Quizás la mejor respuesta sea reinventar el concepto en una forma que muestre lo que hay debajo de él. Imagine “Inteligencia emocional” y los libros que se derivan de ella como juegos de moralidad para una era secular, presentados ante audiencias de profesionales principalmente blancos. En un teatro que no admite luz ni sonido del mundo exterior, el público observa cómo obreros y delincuentes pobres y sucios son empujados al escenario para disparar a sus hijos y apuñalar a sus maestros. Pinchados por los vicios enmascarados de la ira, la depresión y la ansiedad, avergonzados por las virtudes veladas de la empatía, la atención plena y la razón, los jugadores no tienen ninguna posibilidad de salvación. Las lecciones de inteligencia emocional no son de ellos para aprender.

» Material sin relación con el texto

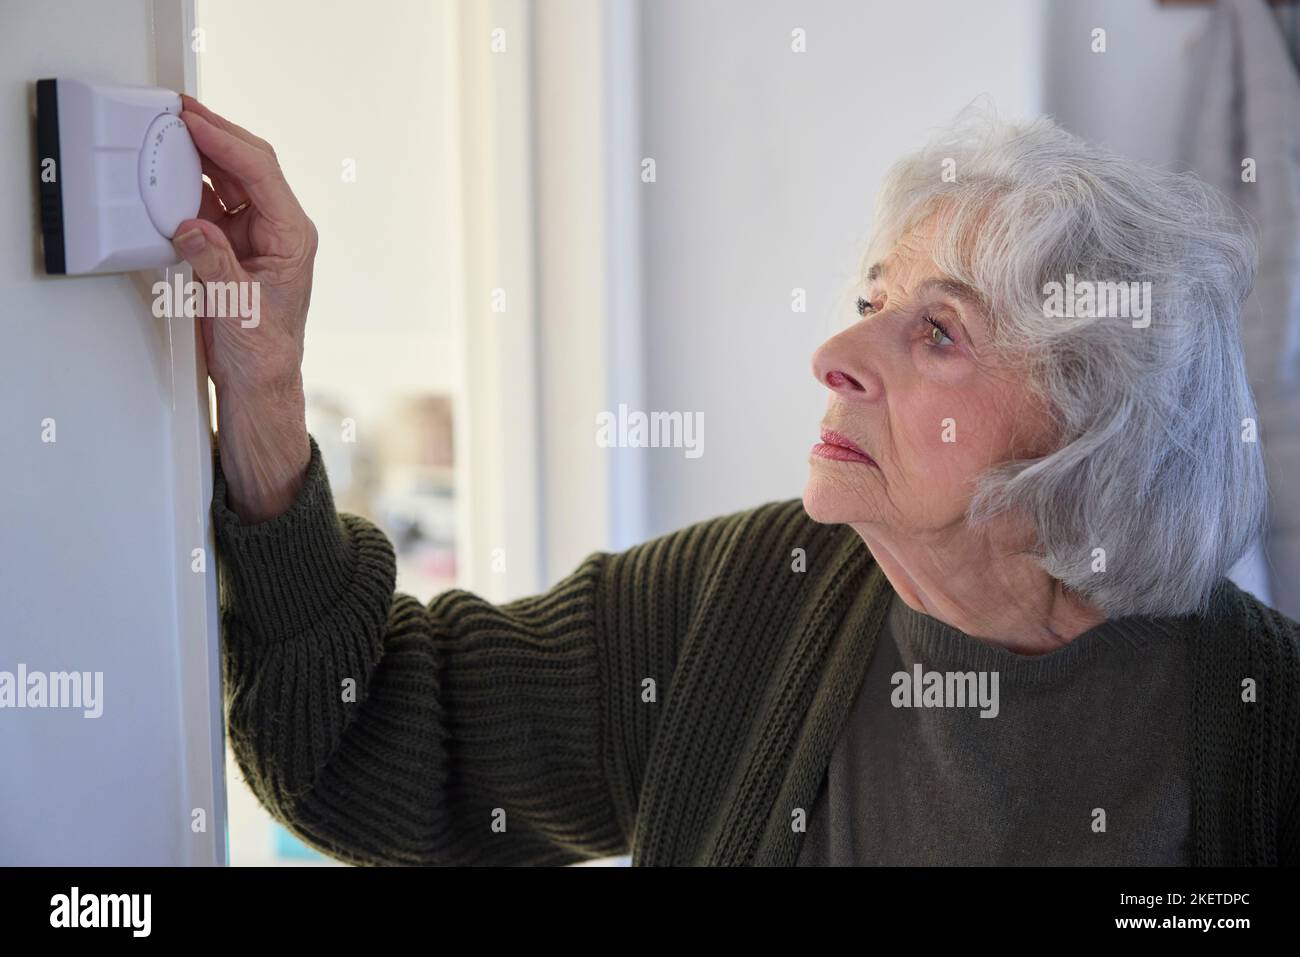 Mujer Senior preocupada que se despide del termostato de calefacción central en casa en crisis de energía Foto de stock

Cuando cae el telón, los miembros de la audiencia se miran unos a otros para hablar en voz baja sobre cómo enseñar a sus hijos a evitar ese destino, cómo vivir felizmente en un mundo en el que seguramente uno se verá incomodado por los impulsos violentos de los demás. Incluso desde la primera fila, no pueden ver que las máscaras y velos esconden una realidad en la que no son más libres que los jugadores a los que condenan. Retirar la máscara sería descubrir una impotencia que todos comparten. Y podría permitir que la audiencia y el elenco se levanten juntos, enfureciéndose en el grado correcto, en el momento correcto, con el propósito correcto y de la manera correcta, hacia las personas adecuadas, que lo han hecho durante los últimos veinticinco años. años, les vendió algunas de las ideas más seductoras y silenciosamente represivas de la historia reciente. ♦

Publicado en la edición impresa del número del 19 de abril de 2021 , con el título “La política del sentimiento”.

Merve Emre , profesora asociada de inglés en la Universidad de Oxford, publicará ” The Annotated Mrs. Dalloway ” en agosto de 2021.